Work required: Don't include any picture when you restate the data word for word.

Input data:
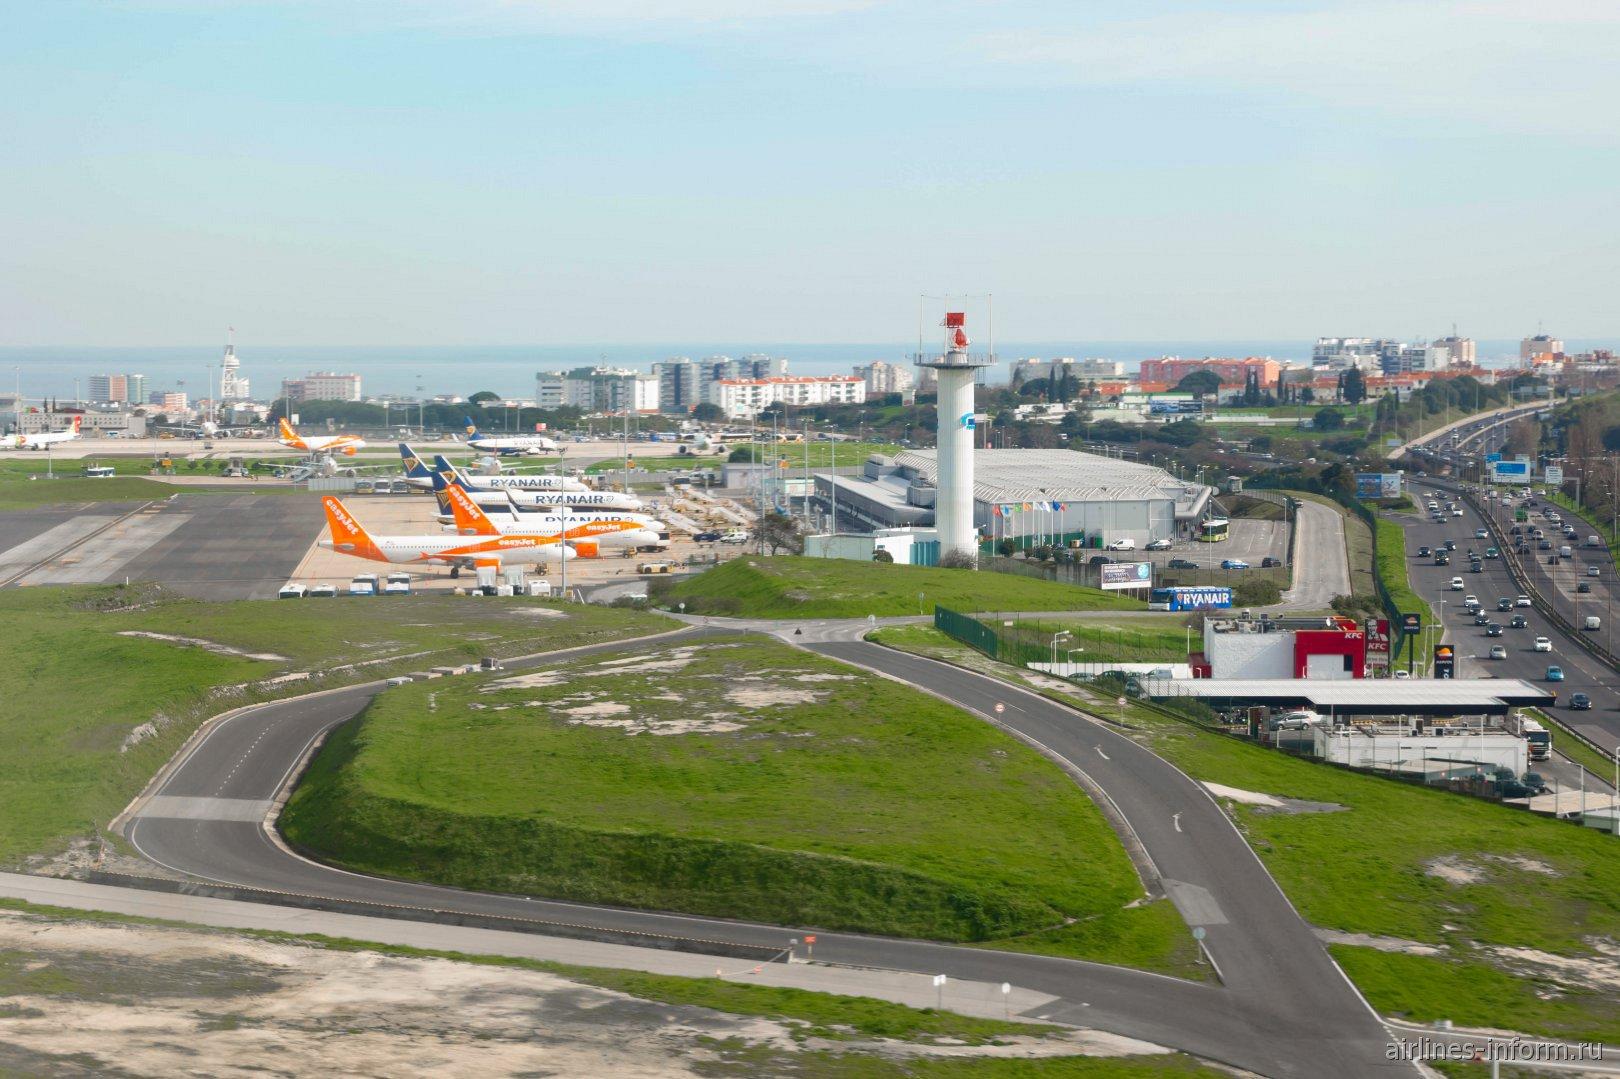 Вид на терминал Т2 бюджетных авиалиний в аэропорту Лиссабона
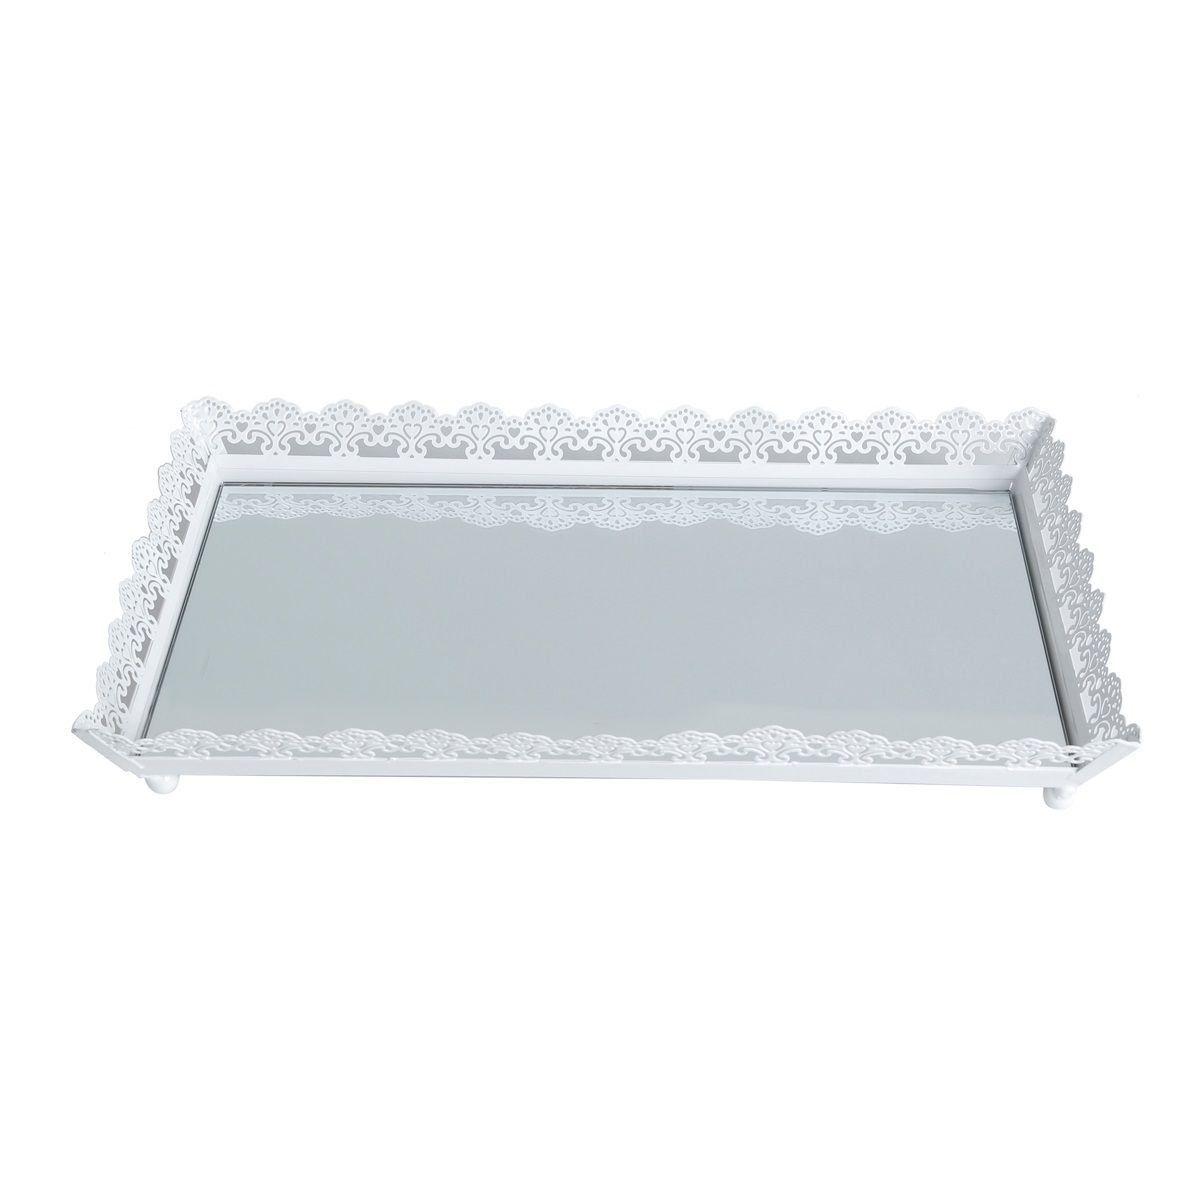 Bandeja, Suporte 30 cm de ferro esmaltado branco com espelho Bon Gourmet - 4769
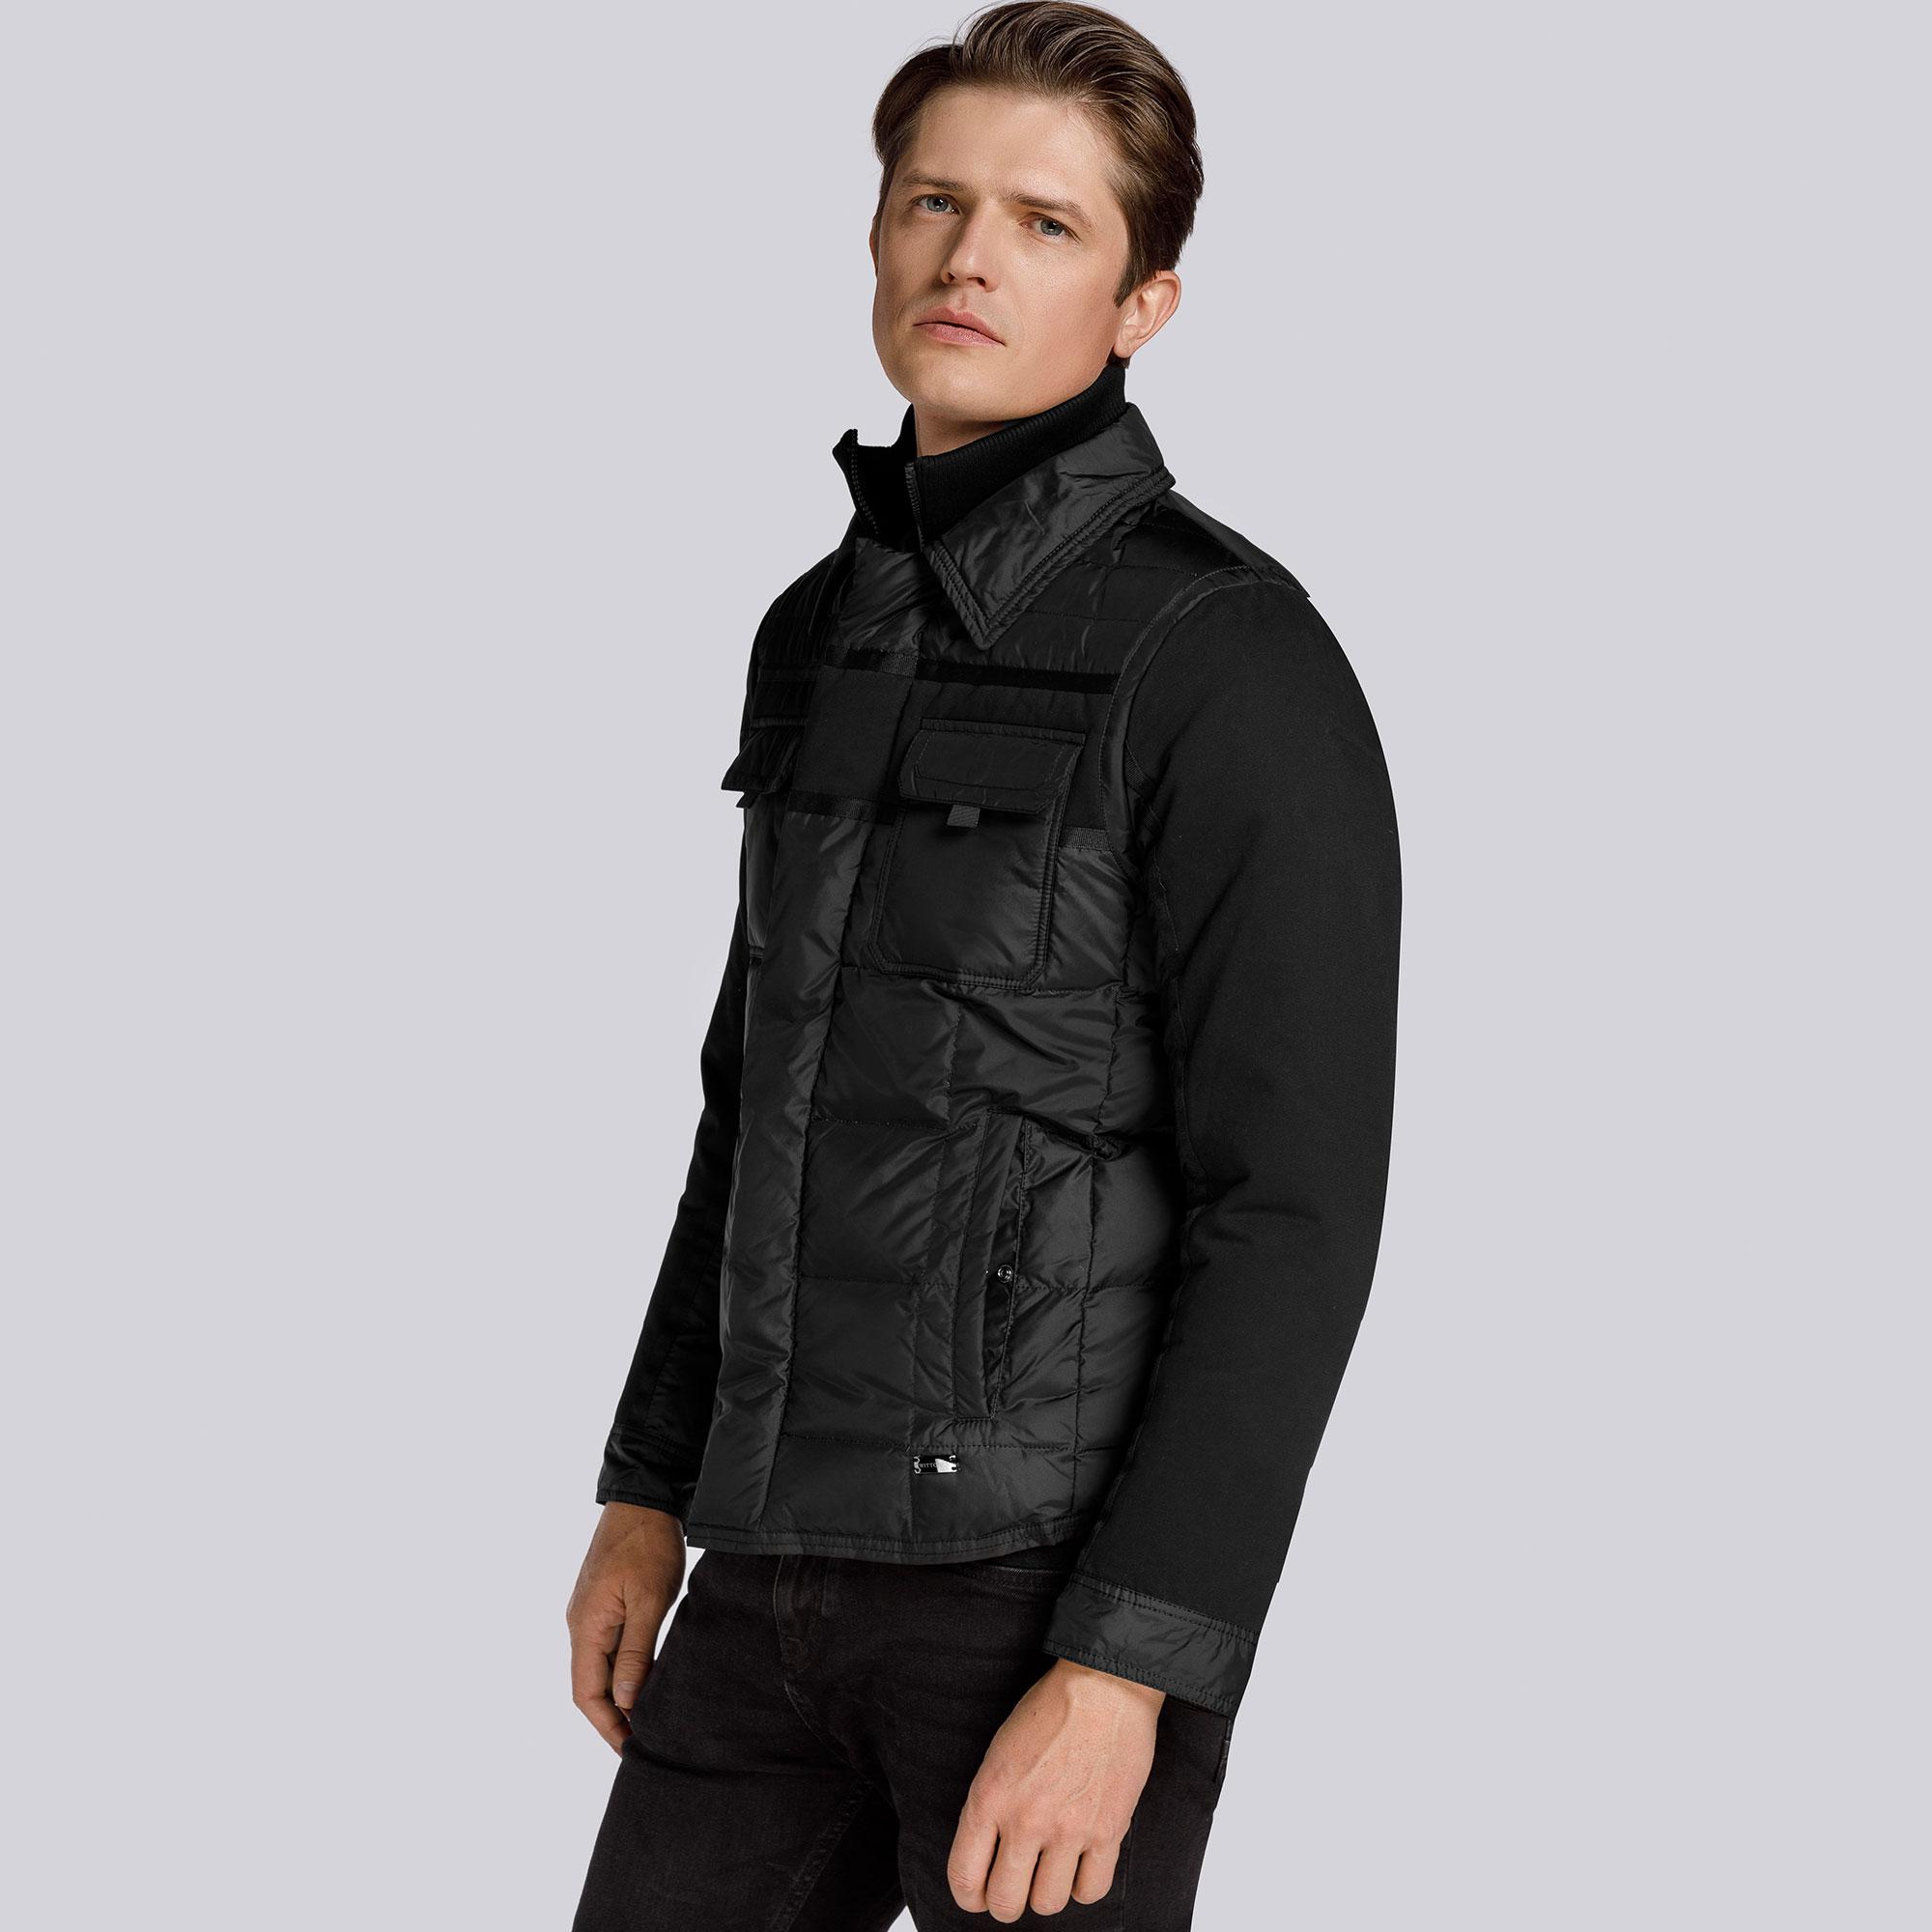 Куртка мужская Wittchen 85-9D-351-1, черныйКуртка мужская<br><br>секс: мужчина<br>Цвет: черный<br>Размер INT: XXXL<br>материал:: Полиэстер

Written solution:
 Вид на терминал Т2 бюджетных авиалиний в аэропорту Лиссабона
 Bandeja, Suporte 30 cm de ferro esmaltado branco com espelho Bon Gourmet - 4769
 Куртка мужская Wittchen 85-9D-351-1, черныйКуртка мужская<br><br>секс: мужчина<br>Цвет: черный<br>Размер INT: XXXL<br>материал:: Полиэстер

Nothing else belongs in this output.